Work item
Go through the records line by line from the top and repeat each one exactly, ending with the line that contains "Black Dragon Pics".

Data provided
-*-

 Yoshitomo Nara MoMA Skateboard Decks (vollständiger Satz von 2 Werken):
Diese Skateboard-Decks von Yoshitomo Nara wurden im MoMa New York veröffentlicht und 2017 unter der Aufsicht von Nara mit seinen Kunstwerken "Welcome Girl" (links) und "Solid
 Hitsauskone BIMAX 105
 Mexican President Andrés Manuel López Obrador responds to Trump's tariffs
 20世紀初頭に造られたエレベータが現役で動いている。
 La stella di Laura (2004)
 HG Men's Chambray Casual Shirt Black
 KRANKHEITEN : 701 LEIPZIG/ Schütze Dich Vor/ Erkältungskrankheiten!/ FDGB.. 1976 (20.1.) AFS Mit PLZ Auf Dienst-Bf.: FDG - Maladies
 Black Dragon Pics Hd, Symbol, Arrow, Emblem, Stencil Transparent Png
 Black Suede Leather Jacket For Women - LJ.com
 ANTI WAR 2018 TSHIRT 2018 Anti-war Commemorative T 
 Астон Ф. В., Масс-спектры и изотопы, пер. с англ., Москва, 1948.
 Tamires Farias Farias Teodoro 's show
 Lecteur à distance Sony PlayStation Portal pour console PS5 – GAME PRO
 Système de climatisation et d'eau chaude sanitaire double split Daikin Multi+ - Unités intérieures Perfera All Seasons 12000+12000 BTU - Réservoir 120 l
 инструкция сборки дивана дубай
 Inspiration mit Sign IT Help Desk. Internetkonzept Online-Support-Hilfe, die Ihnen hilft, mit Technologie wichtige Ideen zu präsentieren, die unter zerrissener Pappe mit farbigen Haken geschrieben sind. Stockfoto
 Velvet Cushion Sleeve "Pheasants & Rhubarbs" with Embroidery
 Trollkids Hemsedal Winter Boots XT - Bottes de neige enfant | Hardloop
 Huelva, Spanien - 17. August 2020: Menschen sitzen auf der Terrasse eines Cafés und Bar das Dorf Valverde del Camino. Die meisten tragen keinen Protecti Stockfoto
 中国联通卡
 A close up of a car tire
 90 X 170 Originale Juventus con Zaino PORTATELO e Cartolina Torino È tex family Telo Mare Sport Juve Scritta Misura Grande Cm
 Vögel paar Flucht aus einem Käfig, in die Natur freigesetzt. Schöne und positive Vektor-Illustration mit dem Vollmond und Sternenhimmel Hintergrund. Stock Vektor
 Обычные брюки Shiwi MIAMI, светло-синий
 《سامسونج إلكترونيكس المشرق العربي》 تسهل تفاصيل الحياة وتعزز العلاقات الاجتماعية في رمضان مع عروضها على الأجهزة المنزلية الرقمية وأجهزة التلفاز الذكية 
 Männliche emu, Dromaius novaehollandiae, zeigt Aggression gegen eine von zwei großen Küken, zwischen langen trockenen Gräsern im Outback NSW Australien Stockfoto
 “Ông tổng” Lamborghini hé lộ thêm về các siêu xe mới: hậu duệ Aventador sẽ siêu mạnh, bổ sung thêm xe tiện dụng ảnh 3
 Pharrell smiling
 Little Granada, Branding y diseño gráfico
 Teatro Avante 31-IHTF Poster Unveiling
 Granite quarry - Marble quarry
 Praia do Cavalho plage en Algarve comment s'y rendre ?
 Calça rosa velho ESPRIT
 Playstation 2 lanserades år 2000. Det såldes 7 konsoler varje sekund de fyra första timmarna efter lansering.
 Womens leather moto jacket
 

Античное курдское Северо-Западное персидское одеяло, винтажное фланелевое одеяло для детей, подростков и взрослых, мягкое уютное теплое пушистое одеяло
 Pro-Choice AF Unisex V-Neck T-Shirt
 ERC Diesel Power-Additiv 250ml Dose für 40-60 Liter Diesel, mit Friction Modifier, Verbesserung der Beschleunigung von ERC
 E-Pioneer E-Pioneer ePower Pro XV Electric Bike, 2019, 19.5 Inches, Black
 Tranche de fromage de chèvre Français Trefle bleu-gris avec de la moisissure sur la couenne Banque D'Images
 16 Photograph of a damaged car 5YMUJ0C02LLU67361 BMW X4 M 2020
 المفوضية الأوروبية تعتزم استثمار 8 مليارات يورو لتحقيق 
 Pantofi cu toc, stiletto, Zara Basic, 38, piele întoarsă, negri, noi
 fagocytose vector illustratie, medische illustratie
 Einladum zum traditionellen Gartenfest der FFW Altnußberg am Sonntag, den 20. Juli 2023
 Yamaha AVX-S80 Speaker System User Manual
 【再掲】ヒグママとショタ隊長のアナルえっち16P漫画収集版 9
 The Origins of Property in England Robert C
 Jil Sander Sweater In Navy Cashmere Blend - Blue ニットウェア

-*-

Task output
 Yoshitomo Nara MoMA Skateboard Decks (vollständiger Satz von 2 Werken):
Diese Skateboard-Decks von Yoshitomo Nara wurden im MoMa New York veröffentlicht und 2017 unter der Aufsicht von Nara mit seinen Kunstwerken "Welcome Girl" (links) und "Solid
 Hitsauskone BIMAX 105
 Mexican President Andrés Manuel López Obrador responds to Trump's tariffs
 20世紀初頭に造られたエレベータが現役で動いている。
 La stella di Laura (2004)
 HG Men's Chambray Casual Shirt Black
 KRANKHEITEN : 701 LEIPZIG/ Schütze Dich Vor/ Erkältungskrankheiten!/ FDGB.. 1976 (20.1.) AFS Mit PLZ Auf Dienst-Bf.: FDG - Maladies
 Black Dragon Pics Hd, Symbol, Arrow, Emblem, Stencil Transparent Png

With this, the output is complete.